I have seen it said, on this forum, you should not mix metal and wood. Well my shop is an equal split between metal, wood and glass. With good dust handling equipment, it's really not much of a problem. It seems to me that the fun of a hobby is working in a varity of material. Although I have been trying to keep my wood working under wraps. ;D

Anyway, there is a wood available here in the US, ipê or Brazilian walnut, that is suppose to be similar in hardness. Have not used it yet but it might be intriguing to build a working model using something like this for frames and such.

Very neat post and really nice work.


----------



## cncjunior (Mar 9, 2013)

Great models.  I wonder how carbide tooling would stand up to the red gum wood?

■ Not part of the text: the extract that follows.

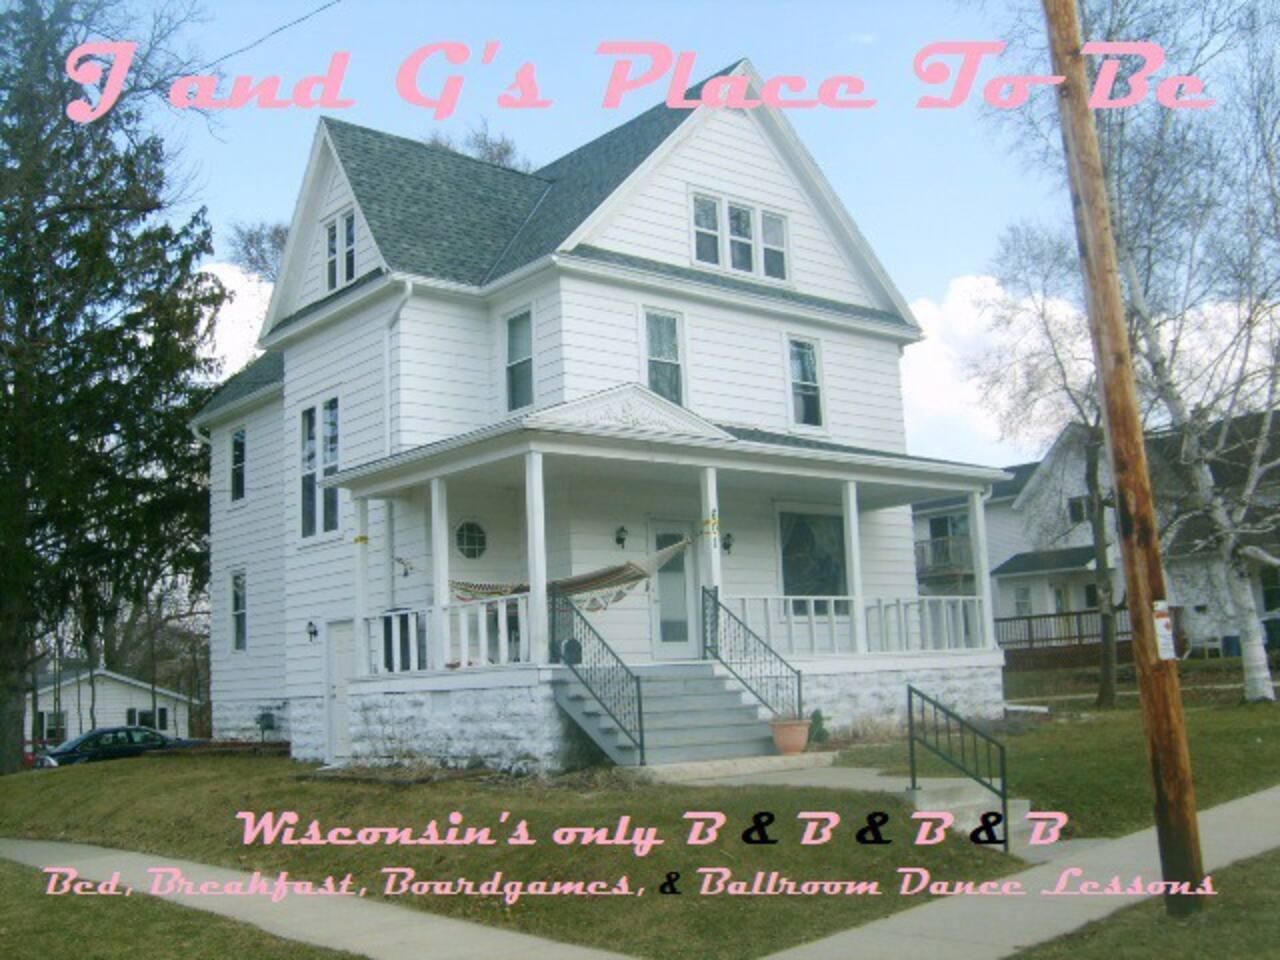 J and G's Place To Be Wisconsin's Only B & B & B & B Bed, Breakfast, Board Games, & Ballroom Dance Lessons

Before I was into machining I worked as a wood worker.  I definitely enjoy working with wood and miss that now.  I think the smell of the machined oak, maple, ceder, mahogany, etc is fantastic.  Though I realize now that a dust mask would have been a good idea.


----------



## Tin Falcon (Mar 9, 2013)

I have seen this engine several times not mine but it often runs at my elbow at the NEMES show. runs great as long as the condensate does not build up in the air  lines. 




Tin


----------



## cheepo45 (Mar 9, 2013)

A good craftsman is a craftsman in any material!


----------



## Mbusha (Mar 9, 2013)

cheepo45 said:


> A good craftsman is a craftsman in any material!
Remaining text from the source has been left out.